## Getting an evolutionary tree for taxa in a region using GBIF and OpenTree of Life
### Example from the University of California, Merced Vernal Pools Reserve
https://vernalpools.ucmerced.edu/

More info and context at https://github.com/McTavishLab/biodiversity_next/blob/master/biodiversity_next.pdf



### Get occurence data from GBIF
Set polygon: https://www.gbif.org/occurrence/search?country=US&has_coordinate=true&has_geospatial_issue=false&taxon_key=1&advanced=1&geometry=POLYGON((-120.45565%2037.35309,-120.36587%2037.35309,-120.36587%2037.44063,-120.45565%2037.44063,-120.45565%2037.35309))

Download records.

Here I have limited the search to 'Animalia'



In [1]:
import sys
from opentree import OT, taxonomy_helpers

#### Download example data

Example data (17 October 2019) of GBIF Occurrence can be downloaded from https://doi.org/10.15468/dl.9bigak 

The name of the example data file is "0023214-190918142434337.csv". We will assign it to a variable named `input_gbif_file`.

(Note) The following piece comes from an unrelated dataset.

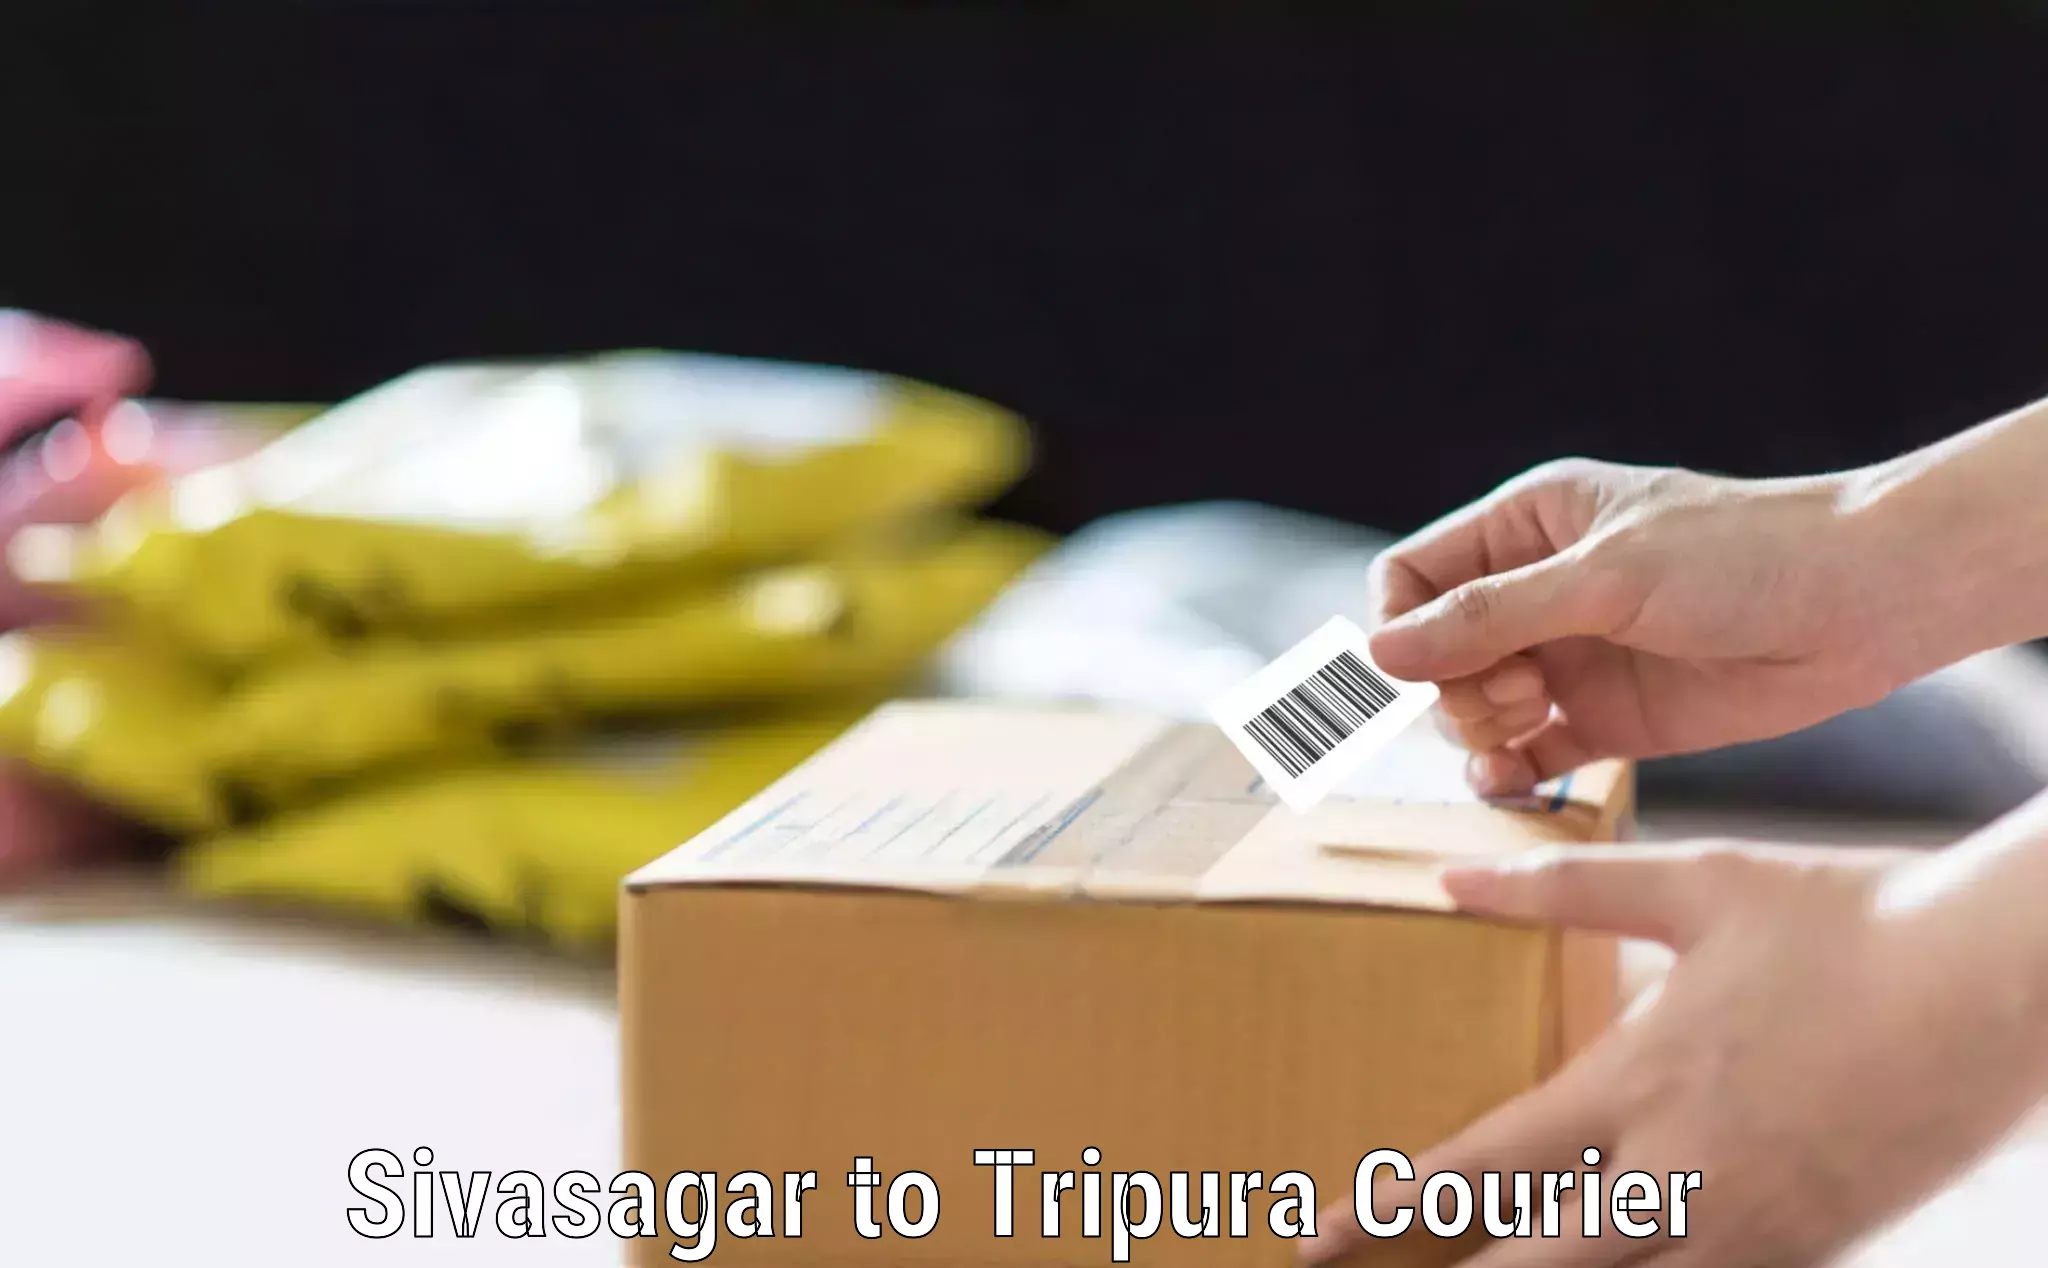 Baggage courier calculator Sivasagar to Agartala

Make sure to download and unzio the file into the same folder as this notebook, or to change the path of the file name accordingly.

In [2]:
input_gbif_file = "0023214-190918142434337.csv"


In [3]:
fi = open(input_gbif_file)
header = fi.readline().split('\t')


#Get indexes for each column in the csv file
col_dict = {}
for i, col in enumerate(header):
    col_dict[col] = i


sys.stdout.write("Matching ids\n")

match_dict = {}
gbif_ids = []
ott_ids = []
i = 0
#Looop through each line in the input CSV file
for lin in fi:
    i += 1
    sys.stdout.write(".") #progress bar
    sys.stdout.flush()
    lii = lin.split('\t')
    gb_id = lii[col_dict['taxonKey']]
    if gb_id in match_dict:
        #Skip gb_id's you have already matched
        pass
    else:
        # Do a direct match to gbif id's in the open tree taxonomy
        gbiftax = "gbif:{}".format(int(gb_id))
        res = OT.taxon_info(source_id=gbiftax)
        if res.status_code == 200:
            ott_id = int(res.response_dict['ott_id'])
            match_dict[gb_id] = ott_id
        if res.status_code == 400:
            # If GBIF id isn' found in the open tree taxonomy, search on scientific name
            spp_name = lii[col_dict['verbatimScientificName']]
            if spp_name == '':
                continue
#            sys.stdout.write("\n{},{} not matched on ID\n".format(gbiftax, spp_name))
            res2 = OT.tnrs_match([spp_name])
            if res2.status_code == 200:
                if len(res2.response_dict['results']) > 0:
                    if res2.response_dict['results'][0]['matches']:
                        ott_id = int(res2.response_dict['results'][0]['matches'][0]['taxon']['ott_id'])
                        match_dict[gb_id] = ott_id
                        ott_ids.append(ott_id)
                        sys.stdout.write("\n{},{} matched on name to ott id{}\n".format(gbiftax, spp_name, ott_id))
                    else:
                        sys.stdout.write("\n{},{} still NO MATCH\n".format(gbiftax, spp_name))
                        match_dict[gb_id] = None
                else:
                    sys.stdout.write("\n{},{} still NO MATCH\n".format(gbiftax, spp_name))
                    match_dict[gb_id] = None
        ott_ids.append(ott_id)


Matching ids
........................
gbif:5229155,Pelecanus erythrorhynchos matched on name to ott id316989
....
gbif:9088491,Dryobates nuttallii matched on name to ott id701703
..
gbif:5231677,Mimus polyglottos matched on name to ott id571310
......................................
gbif:2498167,Anser caerulescens matched on name to ott id190878
...........
gbif:2498161,Anser rossii matched on name to ott id767830
..................................................................................................
gbif:6093694,Oreothlypis ruficapilla matched on name to ott id392341
.............................
gbif:7342009,Oreothlypis celata matched on name to ott id88835
.
gbif:8332393,Spatula clypeata matched on name to ott id656794
.....
gbif:9362027,Mareca strepera matched on name to ott id30856
..............................
gbif:7340222,Gallinula galeata matched on name to ott id181047
......................
gbif:9345027,Spatula cyanoptera matched on name to ott id82411
...........

In [4]:
ott_ids = set(ott_ids)
if None in ott_ids:
    ott_ids.remove(None)

trefile = "VernalPools.tre"
#Get the synthetic tree from OpenTree and write out the citations to a text file.
output = taxonomy_helpers.labelled_induced_synth(ott_ids=list(ott_ids),  label_format='name')
output['labelled_tree'].write(path = trefile, schema = "newick")
sys.stdout.write("Tree written to {}\n".format(trefile))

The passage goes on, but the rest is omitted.